Эти соображения исследователь развивает в рамках представлений о месте и роли профессиональной морали, суть которых заключается, по его мнению, в следующем:
Профессиональная мораль не претендует на роль универсального регулятора поведения специалиста. Сфера ее влияния ограничена трудовыми отношениями, а требования локальны... Мотивы, цели, приемы и результаты профессионального труда мораль постигает тоже только с одной, но очень важной стороны — в их ценностных значениях. Она представляет собой особый оценочно-императивный способ освоения специалистом целей и содержания своей профессиональной деятельности25.
Не оспаривая роли труда в формировании морали и соглашаясь с характеристикой сферы влияния профессиональной морали, заметим, однако, что едва ли на первой ступени своего существования мораль могла иметь специализированный характер, т.е. быть именно трудовой моралью, ориентированной лишь на регламентацию трудового процесса.

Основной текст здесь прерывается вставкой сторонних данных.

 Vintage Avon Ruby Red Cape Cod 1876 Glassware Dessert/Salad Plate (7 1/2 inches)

Естественно предположить, что и сам труд на том этапе еще не выделился в самостоятельную сферу деятельности, а, как все неразвитые явления, был стороной, моментом, аспектом синкретического (соединенного, объединенного, единого) процесса жизнедеятельности возникающего социума. И тот факт, что эта сторона (момент, аспект) обозначилась, вовсе не отменил существования других сторон, таких, скажем, как взаимодействие полов в целях воспроизводства рода или взаимодействие поколений. Отсюда следует, что мораль, возникновение которой действительно во многом инициировалось потребностью согласовывать действия людей во время трудовых процессов, тем не менее, как регулятивный механизм должна была обслуживать систему жизнедеятельности социума в целом. Моральная установка, формировавшаяся у каждого индивида, но фактически оказывавшаяся общей, была еще и целостной: нравственный долг предписывал поведение «на благо себе и всем» в любой ситуации Этот момент принципиально важен, поскольку позволяет зафиксировать исходный (и вечный!) компонент моральных отношений как того регулятивного механизма общественной жизни, которому предстояло в процессе саморазвития социума претерпеть многократные преобразования, приведшие к тому, что и сам он обрел системный характер.

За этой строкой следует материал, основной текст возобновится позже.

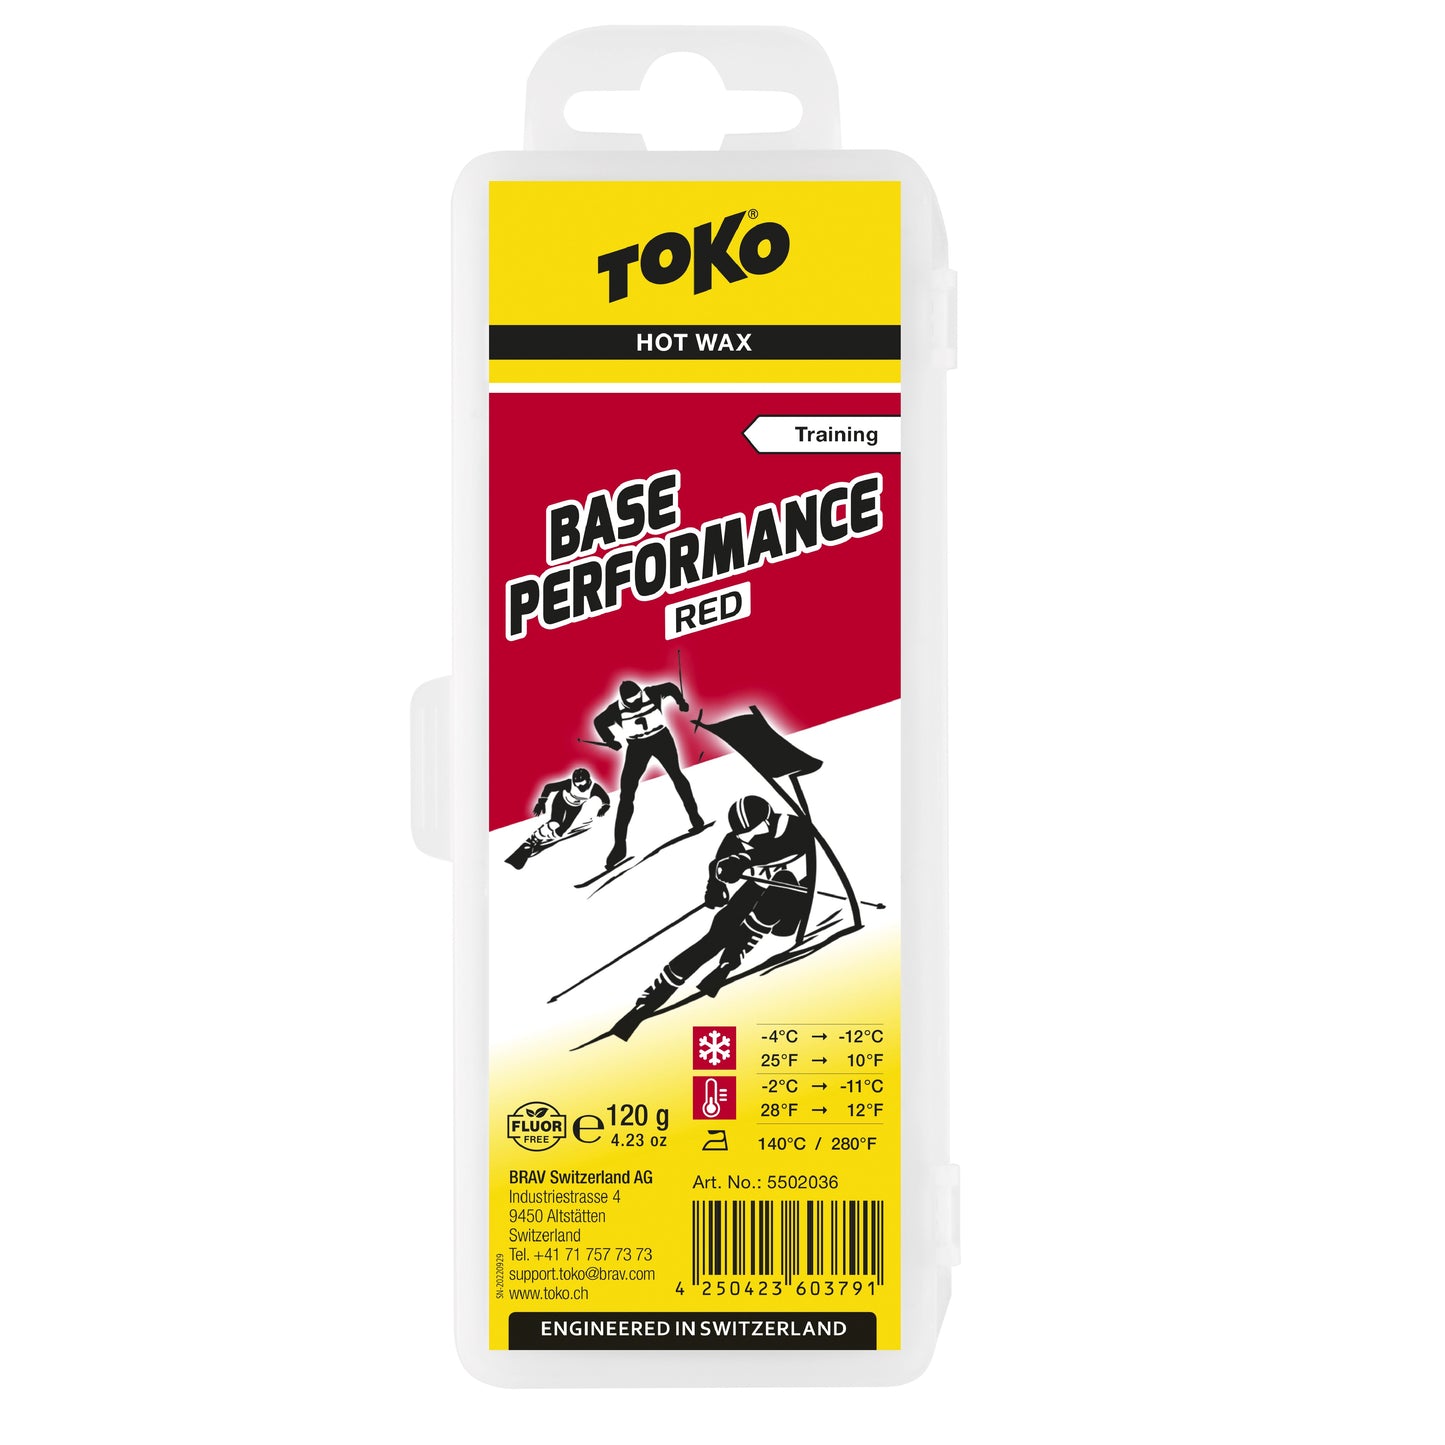 Toko vasks Base Performance Hot Wax Red 120g

Первое такое преобразование, надо полагать, было задано структурированием жизнедеятельности социума На определенном этапе, в соответствии с направленностью активности в ней обозначились три относительно самостоятельных элемента: сфера труда, сфера быта и сфера «гражданских отношений»26. Это должно было повлечь за собой (и повлекло!) усложнение моральной установки. Процесс такого усложнения — длительный, многовековой, но неизбежный. Ведь в разных сферах жизнедеятельности предписываемое долгом поведение «на благо себе и всем» требовало от людей разных проявлений. Они (проявления) отражались в психике человека как неодинаковые, но позитивно окрашенные поведенческие модели и закреплялись в общественной практике в виде трудовых, бытовых, гражданских обычаев. В конце концов, они осознавались, добавляя к исходной моральной установке три новых блока предписаний, конкретизирующих ее.
В сознании общества содержание усложнявшихся моральных установок обобщалось, фиксировалось, обрастало соответствующими критериями и эталонами поведения, детализировалось до конкретных норм. Тем самым закладывалось начало новых, относительно самостоятельных звеньев в моральных отношениях социума. Эти звенья и получили в этике названия «трудовая мораль», «бытовая мораль», «гражданская мораль».
На уровне кажимости отчужденные и детализированные моральные установки обретали характер надличностных требований, а на самом деле становились в обществе эталонами моральности при оценке поведения человека в той или иной сфере его жизнедеятельности — такова была их главная функция.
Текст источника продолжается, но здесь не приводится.